Phosphorus atoms help stabilise chromium catalyst

RESEARCHERS have designed, created and tested a new chromium catalyst, partially surrounded by a ring structure containing phosphorus atoms that stabilises the metal to drive ammonia production.

The team at the Center for Molecular Electrocatalysis, a partner of the US’ Department of Energy (DOE) and the Pacific Northwest National Laboratory (PNNL) has been looking at chromium supported by phosphorus ligand catalysts that have previously failed to react with nitrogen gas (N₂) in producing ammonia.

Now, they have created a 12-atom phosphorous-containing ligand that partially surrounds the chromium and controls its reactivity, causing the normally unreactive nitrogen gas to become more reactive when it binds to the chromium.

The ring-shaped ligand, is found to have a stabilising effect. Every fourth atom in the ring is phosphorus, which bonds with the chromium.

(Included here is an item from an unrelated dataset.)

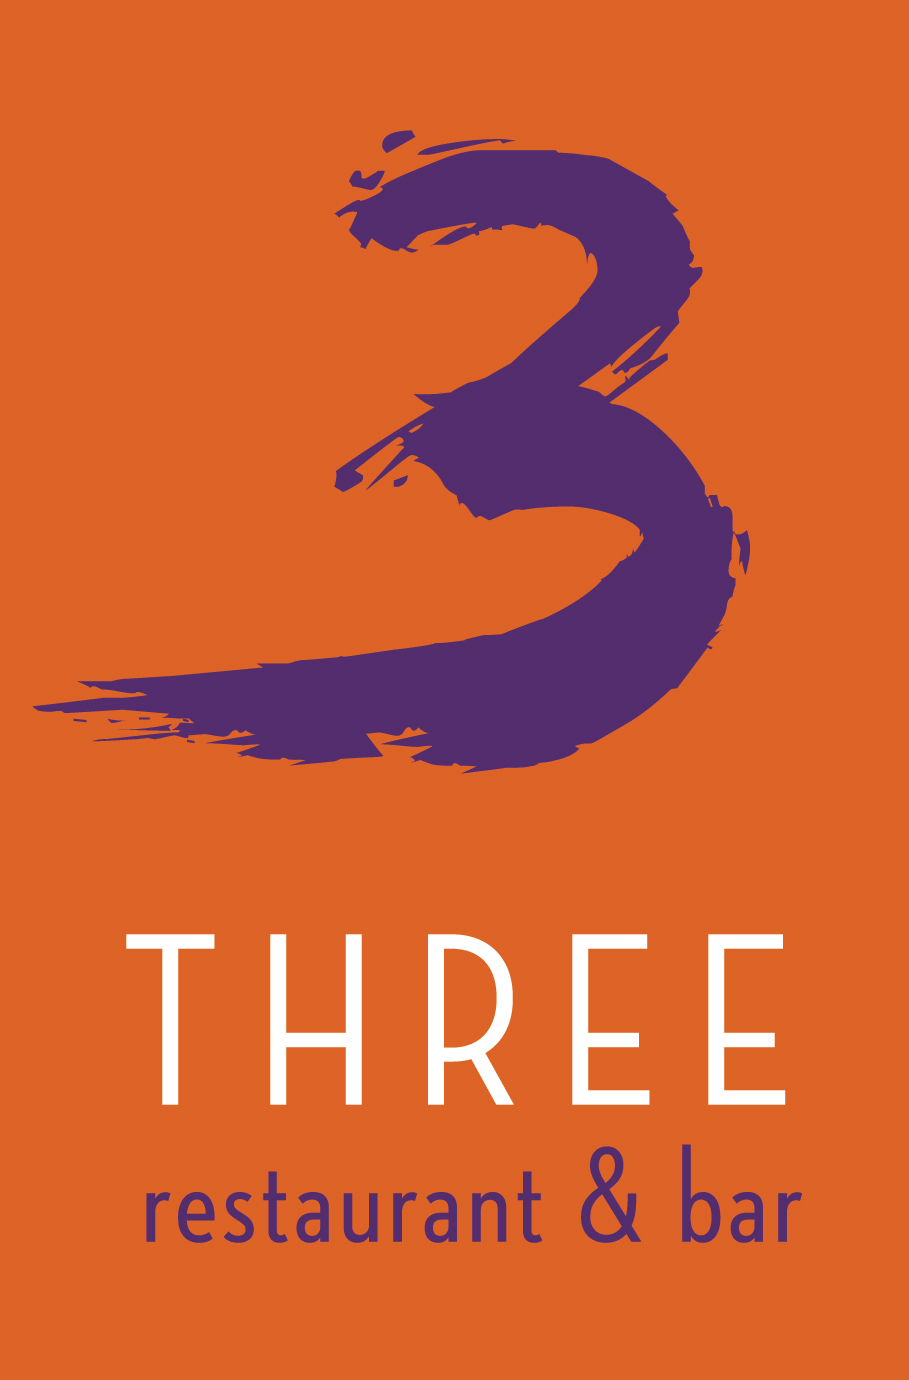 Three Restaurant

This results in a very electron rich chromium atom, which can bind to N₂, resulting in weakening the N₂ triple bond.

The team showed that the specific surroundings enhance chromium's ability to bind and activate N₂, and in this case has greater activity than in similar complexes with heavier metals such as molybdenum and tungsten.

Producing ammonia from fertiliser requires vast quantities of energy. The team hopes this catalyst will reduce the amount of energy required in the process to help with the issue.

The team is also investigating the potential of using the catalyst to store solar energy for times when weather conditions are not favourable. If the electrons produced from solar panels and wind turbines could be stored in the chemical bond similar to nitrogen when it binds to the metal, the stabilising environment created by the ligand could lead to the development of a storage system.

The team found there have been problems with the catalyst’s development, as the reactions must be rigorously managed. They ran the reactions with acid at -50°C to prevent intermediate products from falling apart. However, hydrogen ions from the acid surrounding the complex only formed a small quantity amount of ammonia. Adding the acid caused protons to favour binding with the metal. Additional optimisation of the catalyst and the conditions is required to control the formation of ammonia.

Roger Rousseau, computational catalyst scientist at PNNL said, “This research shows how important it is to move six electrons and six protons in the right order. It is rather like herding cats, and very difficult cats at that.”

The next stage for the team will be to investigate why the specific structure supports chromium activity, and what factors determine this formation. They will also look to refine the experimental conditions in order to control the protons from the complex form interacting with the chromium to produce more ammonia. The team will need to address these issues in order to scale up its process.

Inorganic Chemistry, DOI: 10.1021/acs.inorgchem.5b00351